1. Catch the best-looking fish. Most everything in fideos can be swapped out for something else, but seafood really should be in this fish-centric dish. I typically run with littleneck clams, mussels, and the cheapest local white fish (cod, haddock, pollock) in the seafood case, cut into 4-ounce pieces. If I can’t get to the fish shop, I’ll use frozen shrimp. When company comes, I will add squid and lobster. It’s best to stay away from meaty or oily fish like swordfish or salmon as they have stronger flavors that might compete harshly with the sauce.
Buy enough fish to satisfy the people you're serving. Heavy eaters might need a dozen clams or mussels and 4 ounces of fish, or 5 to 6 large shrimp. Work backwards from there according to your diners’ appetites and your budget.
2. Take a second to pull everything together in one place. Once you start cooking, this dish moves pretty quickly, so “mise en place” here is helpful.
The irony of making fideos is that you don’t really have to buy actual fideos. I break angel hair pasta into 1-inch pieces. For every 8 ounces of noodles (which will serve four normal eaters or two 16-year-old boys), you will need 3 cups of warm broth and 1/2 cup of white wine. This ratio will bring the finished fideos just past the point of al dente. If you like a soupier dish, you can add more liquid but understand that the noodles will keep sucking it up even after you take it off the stove.
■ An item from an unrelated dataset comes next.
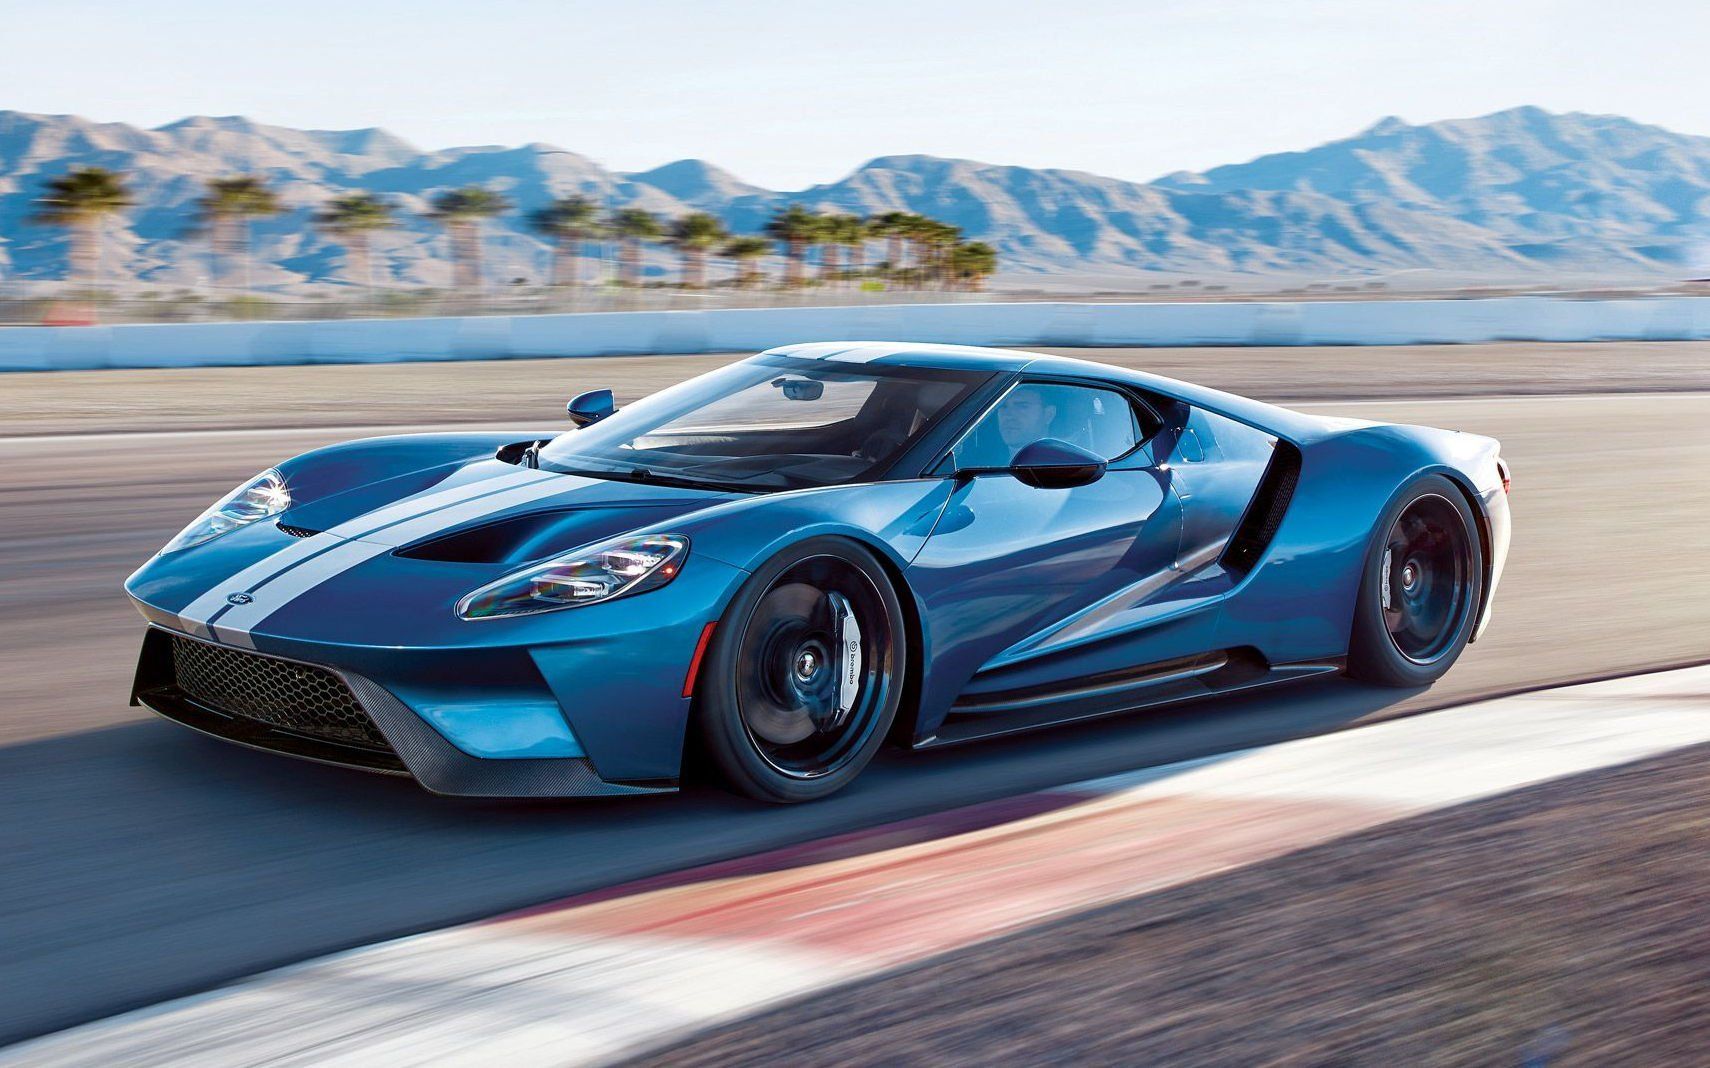 122019-ford-gt-heritage-edition.jpg

You’ll need good olive oil, a chopped allium (my preference is sweet white onion), a diced green pepper (bells are standard, but poblanos are more interesting), a couple of cloves' worth of sliced garlic, and a small can of chopped tomatoes.
For spices and herbs, you’ll need some smoke (a teaspoon pimentón, 1/4 cup chopped Spanish chorizo, or a tablespoon of adobo sauce), a bit of earth (cumin, white pepper, oregano, bay, and/or fresh thyme), and a touch of sweetness (a pinch of either saffron, which is traditional, or a pinch of sugar, which helps round out the acid of the tomatoes).
I like to add a little greenery at the very tail end of the process, so having a cup full of thawed frozen peas or a handful of cilantro or flat parsley at the ready here will be helpful. And have a lemon to squeeze, in case you think a bit of brightness could do it some good.
3. Brown the noodles. This is actually the secret of the dish. By cooking the noodles in a glug of olive oil in a heavy pan until they are golden brown, you’re adding a nutty note and infusing them with fat that will help carry the flavors that are added later on in the process. Don’t skip this step. It takes less than 5 minutes.
4. Build your flavor. Lower the heat and sweat the onions and peppers in with the pasta for a few minutes. Stir in the garlic, cooking it only until you smell it. Add the wine and allow it simmer off before you stir in your chosen smoky element, a total of 2 teaspoons of spices and herbs, a teaspoon of salt, and the can of tomatoes. Bring the sauce to a full boil and add broth and saffron or sugar.
5. Slip in the seafood at the right time. This step takes a bit of calculation. You have to understand how quickly your seafood will cook in relation to how long the noodles will take to become tender.
The noodles take about 10 minutes to finish cooking. Generally, white fish braises (that is what we’re doing here) at a rate of 10 minutes per inch of thickness. So nestle those fillets into the pan as soon as the sauce comes back to a boil. Littlenecks can take up to 7 minute to open, so they go in next. Mussels generally open in five minutes. And shrimp cooks in two.
6. Don’t be afraid to stir. Unlike paella makers who have to sit on their hands to refrain from stirring the rice in hopes of getting a lovely crust on the bottom, we fideo lovers can move things around at our leisure. It’s actually encouraged, as it helps the shellfish cook evenly.
7. Serve immediately. This is one of those dishes best eaten directly out of the pan. But before you put it on the table, remove any unopened mollusks, taste to see if it needs a shot of acid, and sprinkle around a bit of something herby and green.